![](/img/trans.png)
[英]How to convert Spark Streaming data into Spark DataFrame
[英]Convert Spark Structure Streaming DataFrames to Pandas DataFrame
我有一個設置為從Kafka主題使用的Spark Streaming App,我需要使用一些Pandas Dataframe中的API,但是當我嘗試將其轉換時,我得到了
: org.apache.spark.sql.AnalysisException: Queries with streaming sources must be executed with writeStream.start();;
kafka
at org.apache.spark.sql.catalyst.analysis.UnsupportedOperationChecker$.org$apache$spark$sql$catalyst$analysis$UnsupportedOperationChecker$$throwError(UnsupportedOperationChecker.scala:297)
at org.apache.spark.sql.catalyst.analysis.UnsupportedOperationChecker$$anonfun$checkForBatch$1.apply(UnsupportedOperationChecker.scala:36)
at org.apache.spark.sql.catalyst.analysis.UnsupportedOperationChecker$$anonfun$checkForBatch$1.apply(UnsupportedOperationChecker.scala:34)
at org.apache.spark.sql.catalyst.trees.TreeNode.foreachUp(TreeNode.scala:127)
at org.apache.spark.sql.catalyst.analysis.UnsupportedOperationChecker$.checkForBatch(UnsupportedOperationChecker.scala:34)
at org.apache.spark.sql.execution.QueryExecution.assertSupported(QueryExecution.scala:63)
at org.apache.spark.sql.execution.QueryExecution.withCachedData$lzycompute(QueryExecution.scala:74)

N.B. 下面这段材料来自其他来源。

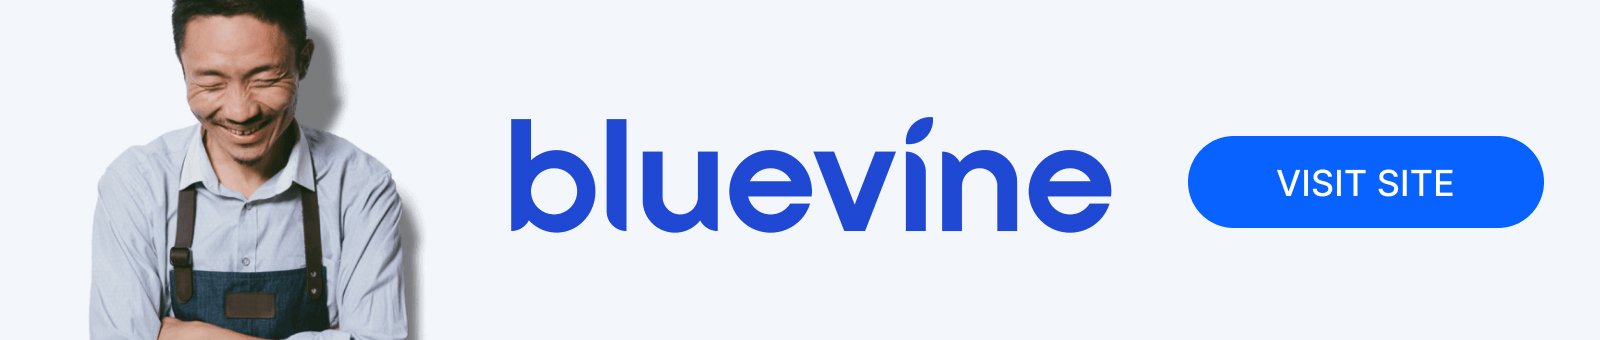 bluevine line of credit review

at org.apache.spark.sql.execution.QueryExecution.withCachedData(QueryExecution.scala:72)
at org.apache.spark.sql.execution.QueryExecution.optimizedPlan$lzycompute(QueryExecution.scala:78)

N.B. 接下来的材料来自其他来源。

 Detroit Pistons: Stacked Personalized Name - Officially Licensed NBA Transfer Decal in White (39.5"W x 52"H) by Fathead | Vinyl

at org.apache.spark.sql.execution.QueryExecution.optimizedPlan(QueryExecution.scala:78)
at org.apache.spark.sql.execution.QueryExecution.completeString(QueryExecution.scala:219)
at org.apache.spark.sql.execution.QueryExecution.toString(QueryExecution.scala:202)
at org.apache.spark.sql.execution.SQLExecution$.withNewExecutionId(SQLExecution.scala:62)
at org.apache.spark.sql.Dataset.withNewExecutionId(Dataset.scala:2832)
at org.apache.spark.sql.Dataset.collectToPython(Dataset.scala:2809)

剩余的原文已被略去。